Information on the internet is no longer ‘scare’. Facts and figures, on just about anything, is now available at your fingertips, and within seconds.
However, has the advent of the internet been an equally ‘freeing’ experience for all?
Just because the internet exists, it doesn’t mean that everyone has access to it.
Consider some of the following:
- Kevin 07’s Digital Education Revolution might be trying to address the lack of computers in schools but there is still a huge digital access divide in our homes. A colleague this week heard on a daily current affair show that 87% home in Adelaide’s Eastern suburbs have internet connection (broadband no doubt), compared to 27% in the Northern suburbs, and regionally remote individuals have poor or no internet access.
- A recent ‘coffee chat’ with a project manager, deploying an e-portfolio system to manage a senior secondary school unit, described the vast chasm between the technical infrastructure and technical support of private/independent schools compared to their poor cousins, the public school system. Surely school connectivity, ranging from a 10mb connection down to a 256/512 kb connection, must influence the adoption of effective e-learning strategies, and therefore effective use of the internet.
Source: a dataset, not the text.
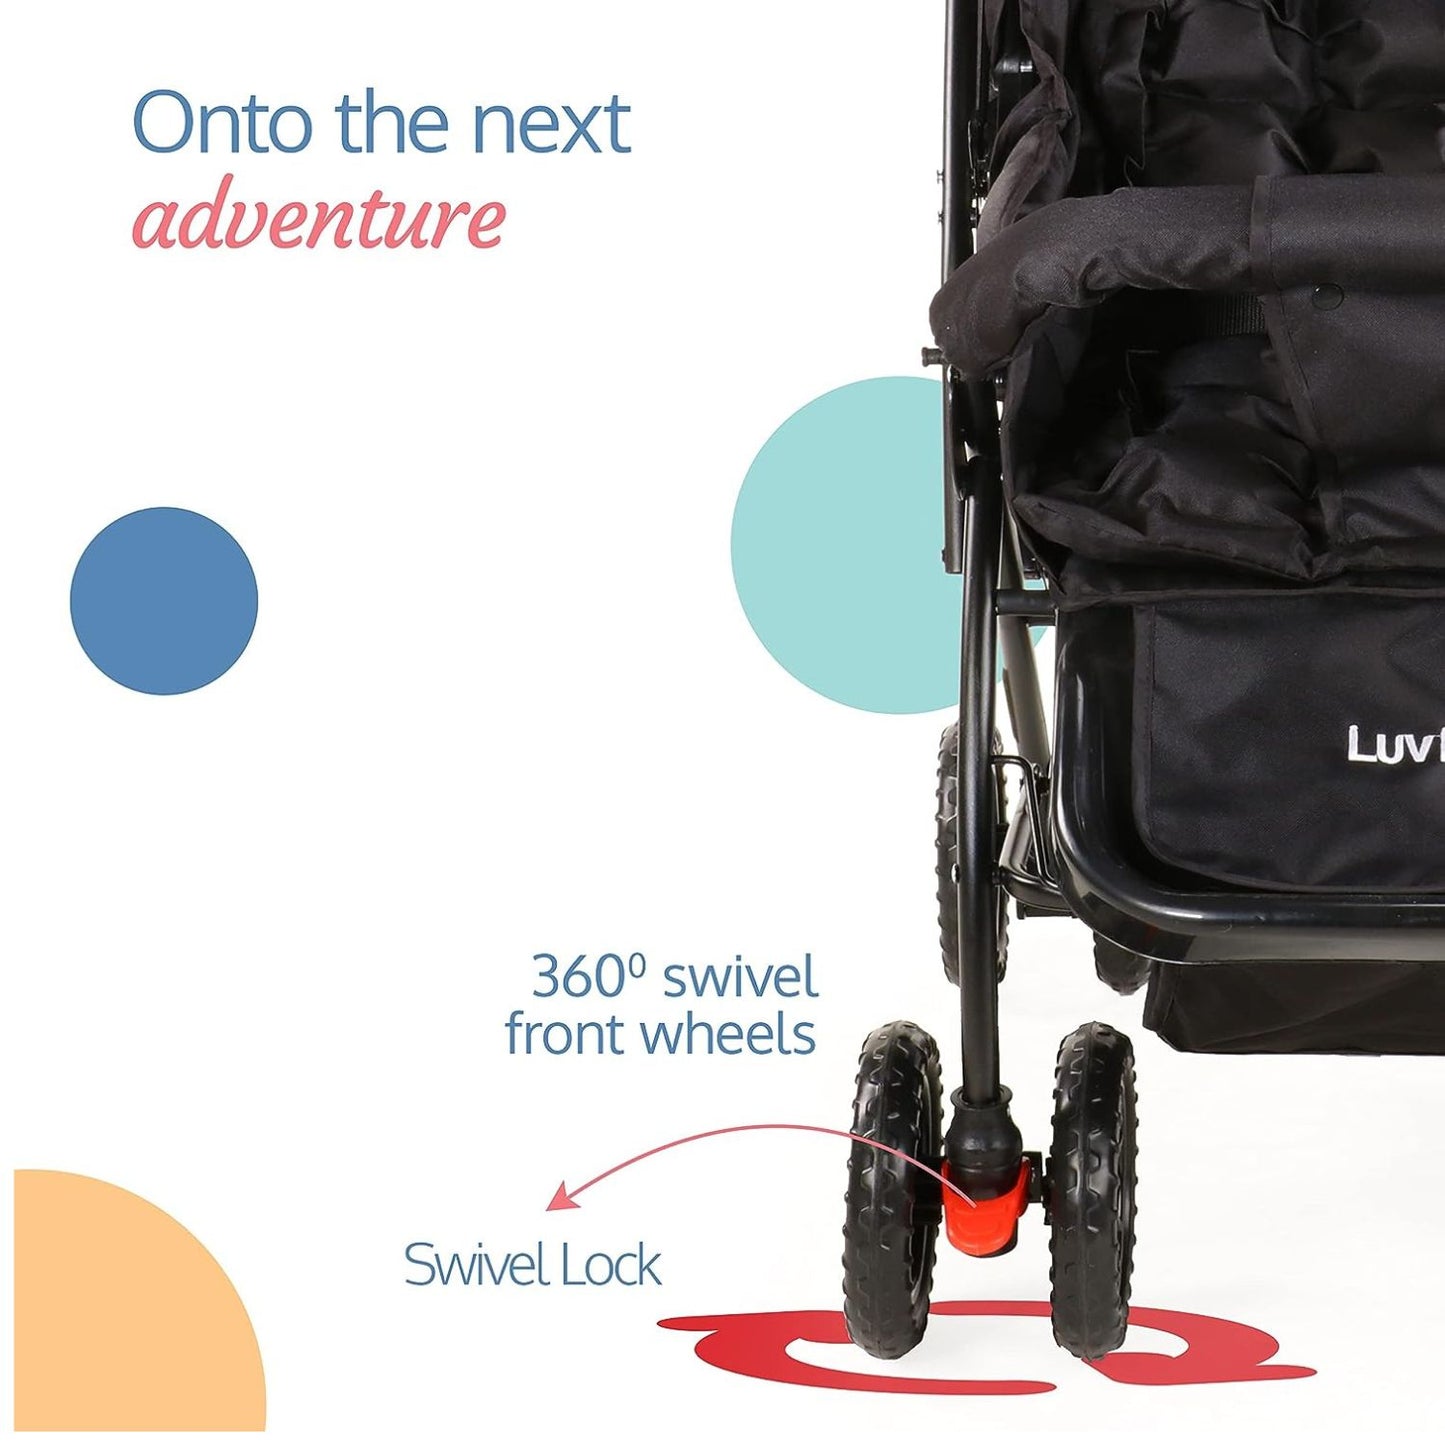 LuvLap  Baby  pramStroller for 0-3 Years: Lightweight, Adjustable Backrest, 360° Wheel, Spacious Storage, Reversible Handlebar I 18305 - Black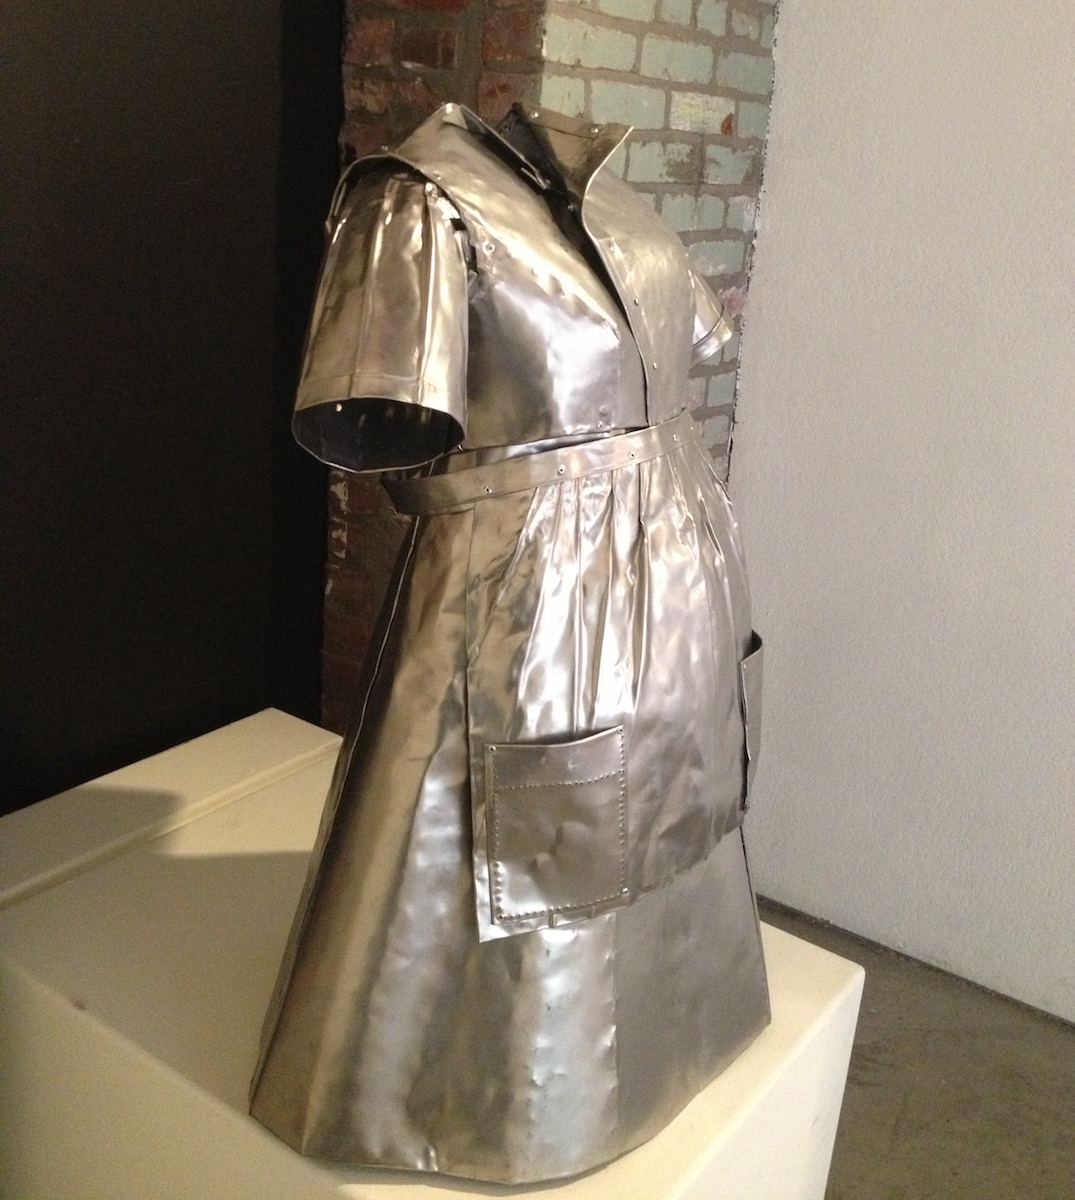 16. Armor for Rufina Amaya, 2014

If information is power and you can’t access information due to costs and poor infrastructure, are you then powerless? And if you do have access to this information, who is controlling/managing the information (ie Google, MSN etc)– is this ‘controlled’ power?
Consider: Google’s vested interest in influencing its search results; ICT manager’s and politicians need to manage information access through controlled firewalls and internet filters; and teachers dictation over who should/shouldn’t access their knowledge through their walled gardened LMS and what information students should/shouldn’t view ie Wikipedia.
@jhawtin tweeted that “the net offers ease of sharing ;-)” but this practice isn’t as widely spread as it should be as many want to 'own' information and hence retain their power stronghold, so sharing is not encourage and enforced through controlling copyright and trademarks regulation.
Increased influence or popularity, and therefore connectivity, offers some internet sites engendered ‘Power Laws’ – allow them to restrict what information people view or access by what’s feed through these sites.
Manuel Castells cites that “power no longer resides in individual institutions (even states) but in what he calls the ‘switchers’ through which networks regulate terms of entry and privilege or exclude particular interests or positions.” Hence, accountability can no longer be a linear process, whereby one party is held accountable by another, but “something more complex and messy, with lines of accountability that are: multiple; overlapping; and based on deliberative as well as procedural processes.”
There is some socially democratic existence on the web through the ‘open source’ movement, an approach that originated in software programming through things like the Linux computer operating system, and through the sharing of content, images and video, by ‘Creative Commons’ licenses.
The internet may not be a truly free and accessible space, so individuals need to be aware of its imbalances and inequities by knowing how to think and question – the Russians knew they were being feed propaganda during the Cold War – but do you know that Google and Facebook is mining your data?
The internet allows access to free information but is it truly freely accessible?